In other words, according to law enforcement, a gang is any group gathered together on a continuing basis to commit anti-social behavior.

In Deadly Consequences, noted academician and youth violence expert Dr. Deborah Prothrow-Stith cites three types of gangs as identified by Dr. Carl S. Taylor, a Detroit sociologist:

  1. Scavenger gangs are the least organized and the least "successful" gangs. Leadership of these groups can change daily or weekly. Scavengers do not have any pre-planned goals. Their crimes are spontaneous, as is their method of banding together. Taylor says that the members of this kind of gang are likely to be low-achievers and drop-outs who are prone to erratic behavior. Scavenger gangs are looked down upon by other more organized gangs. After an initial period of disorganization, some scavenger gangs . . . retool themselves into territorial gangs.

  2. Territorial gangs are the turf-loyal organizations we all tend to think of when we think of gangs in Los Angeles . . . highly organized and highly elaborated with formal initiation rites for entering members andmany other ceremonies, traditions, and practices that separate members from non-members . . . The members of territorial gangs are young people who have usually done very poorly in school. Often they have troubled family lives. Many speak little English.
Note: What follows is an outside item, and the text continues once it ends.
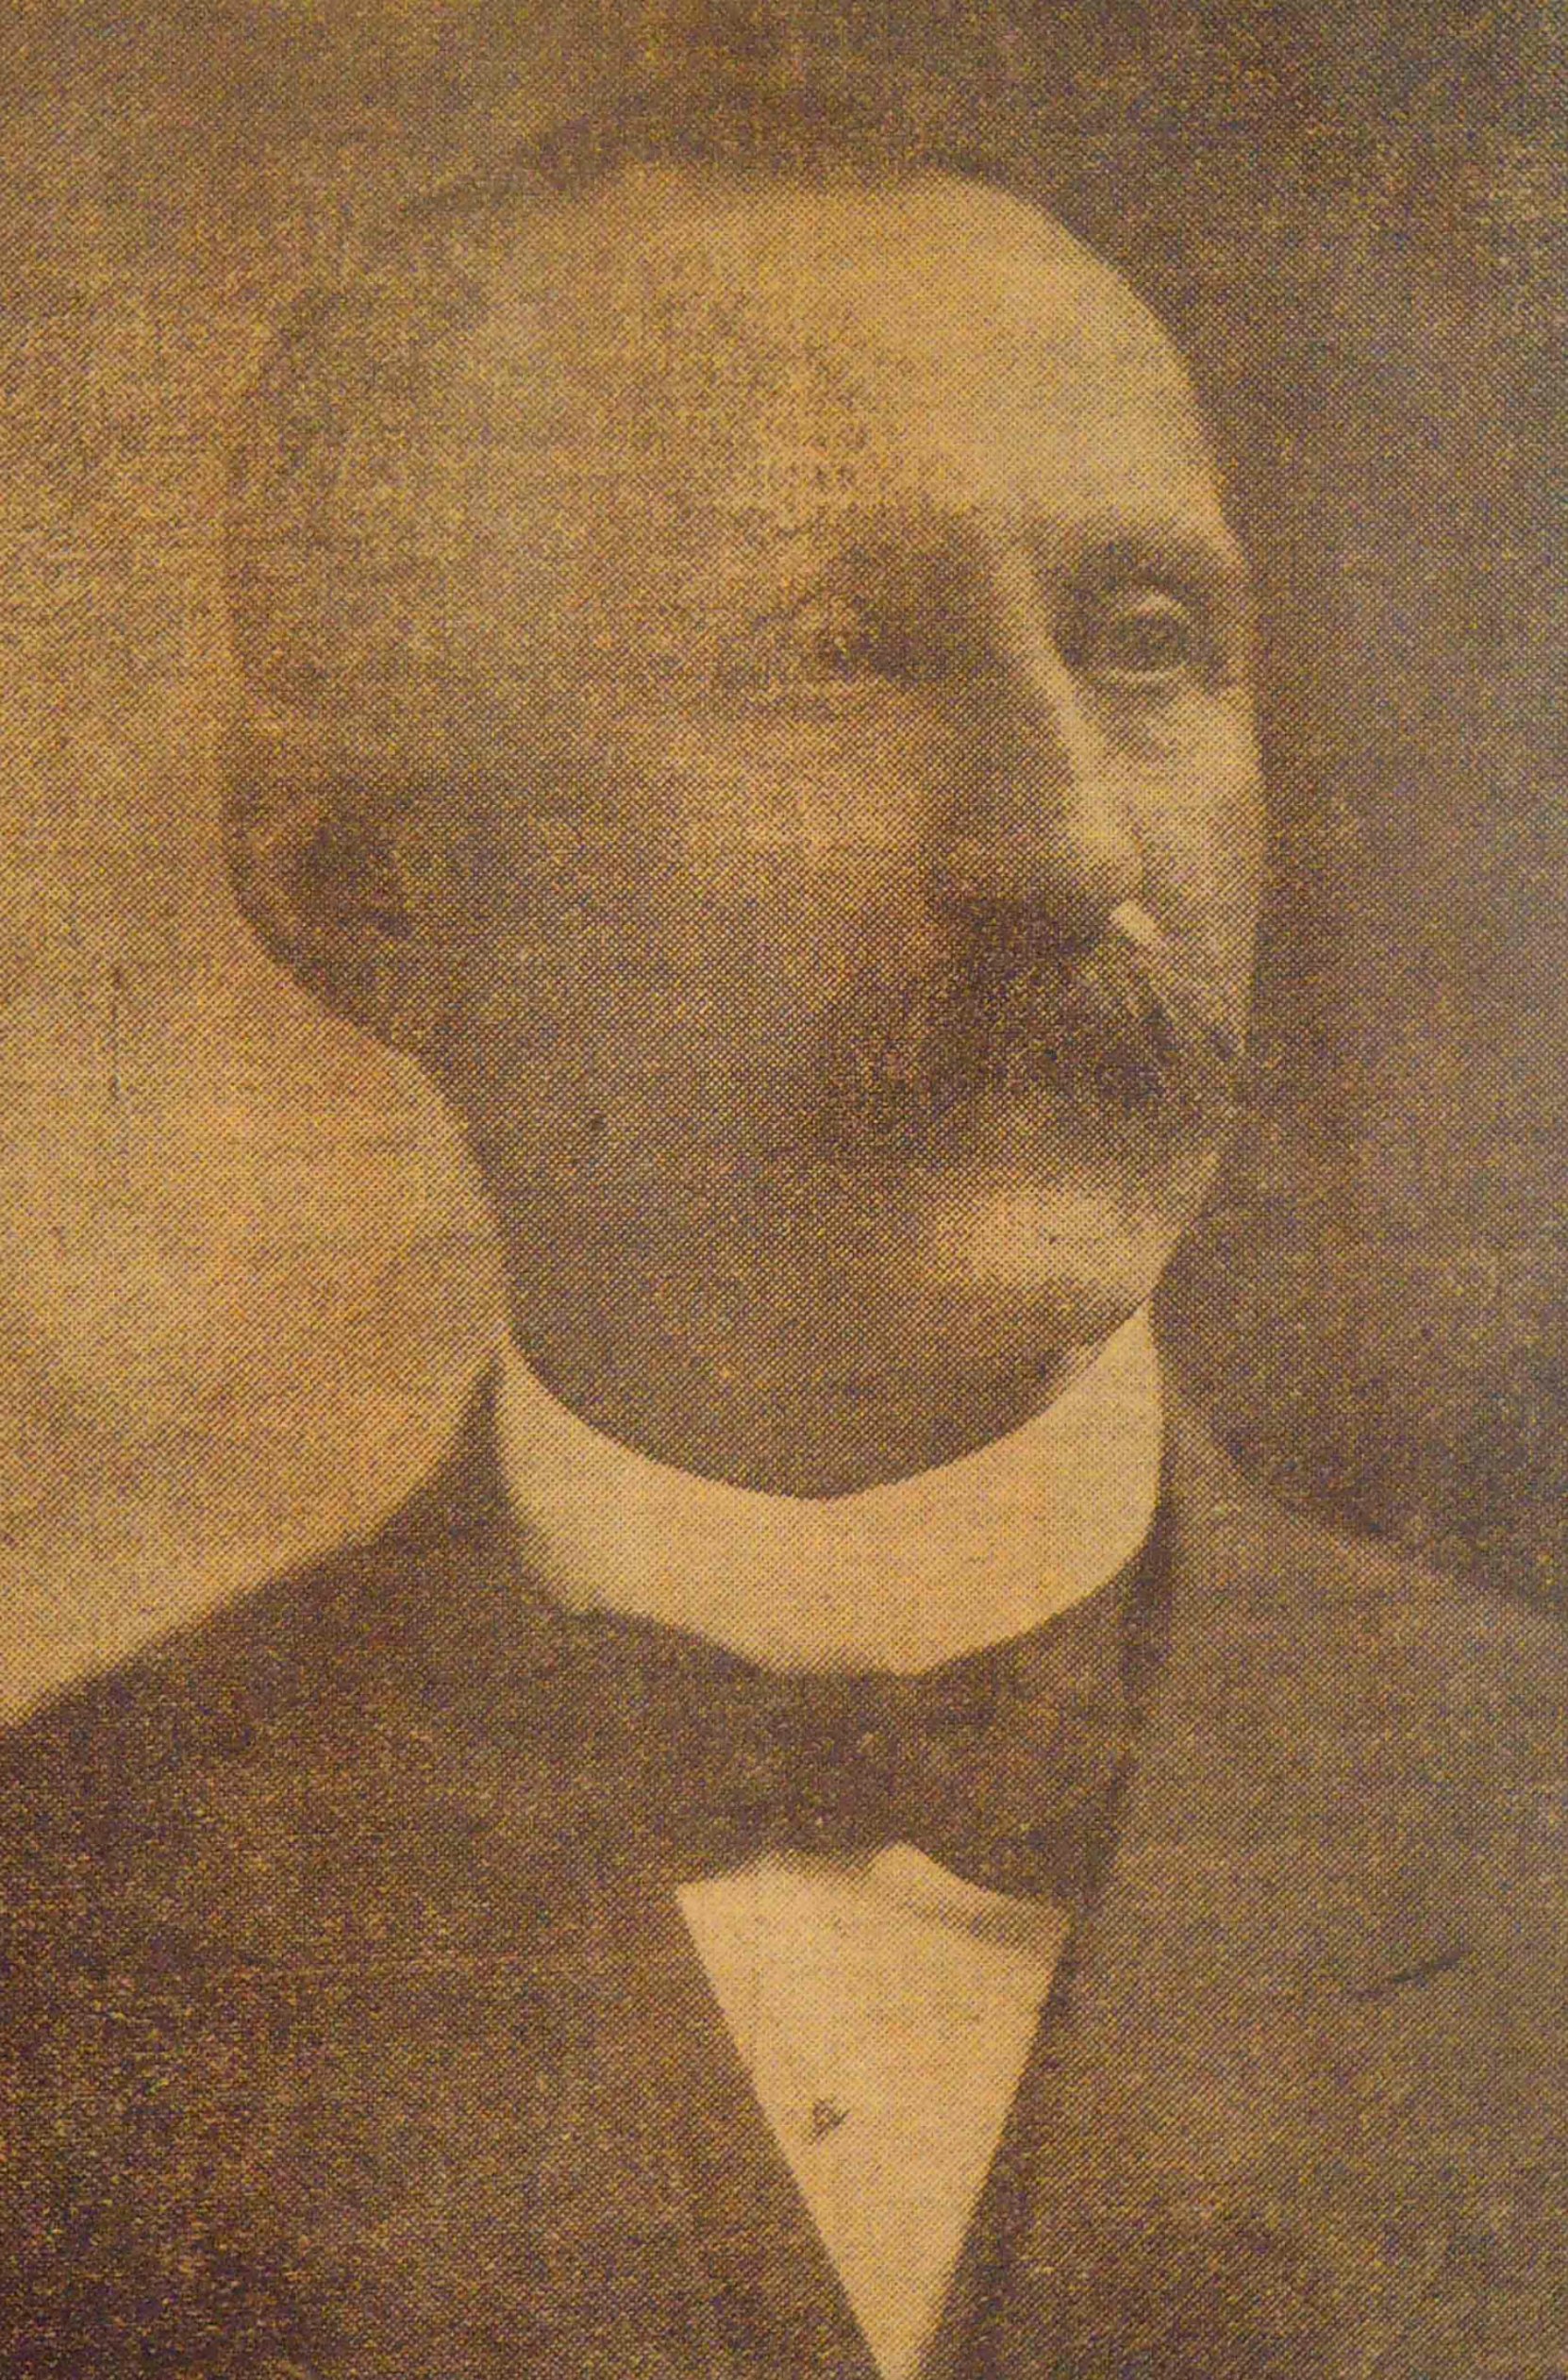 Simon Leiser (1851-1917)

The gangs provide them with the sense of being someone, and they are proud to be identified as members.

    A major activity of territorial gangs is fighting. The whole point of marking off your own territory is to keep somebody else out . . . the turf boundaries that territorial gangs protect from incursion may be merged with the boundaries of a gang's drug-selling territory, but this is not always the case. Territorial gangs sometimes sell drugs and sometimes do not. The primary purpose of these gangs, however, is social, not economic. Drug selling is a vehicle for survival, not the reason these gangs exist.

  3. . . . . Though made up of teens sometimes as young as fourteen, corporate gangs are really highly structured criminal conspiracies organized to sell drugs . . . Members of corporate gangs are gangsters in the traditional sense of the word. Discipline, secrecy, and strict codes of behavior are required of every member. Punishments can be severe . . . Members of corporate gangs, though not necessarily schooled, are often highly intelligent. Leaders must be capable of sophisticated strategic planning, personnel management, and money management (Prothrow-Stith 1993).


Street gangs begin for many social and economic reasons. Following are the two of the most common reasons youth join gangs:

  • The breakdown of the family as a cohesive unit.

  • Desperate poverty.

In recent years, street gangs have been observed in middle-class areas, but close scrutiny of these gangs reveals that, in general, the nucleus for gang formation is still found in the families' instability. In many cases, the families have moved from gang-infested neighborhoods, due to an improved socioeconomic condition, and simply transferred a hardened street gang member to virgin turf.

The Pinellas County (Florida) Sheriff's Department identifies seven key reasons that a young person becomes involved in a youth or street gang (1992):

  1. A sense of recognition and power (ego trip). Gang involvement provides a sense of power, excitement, recognition, and a chance to develop leadership qualities. Gang participation also allows a member to achieve a level of status s/he feels is impossible to attain outside the gang subculture due to unemployment or lack of success in school, sports, or other activities.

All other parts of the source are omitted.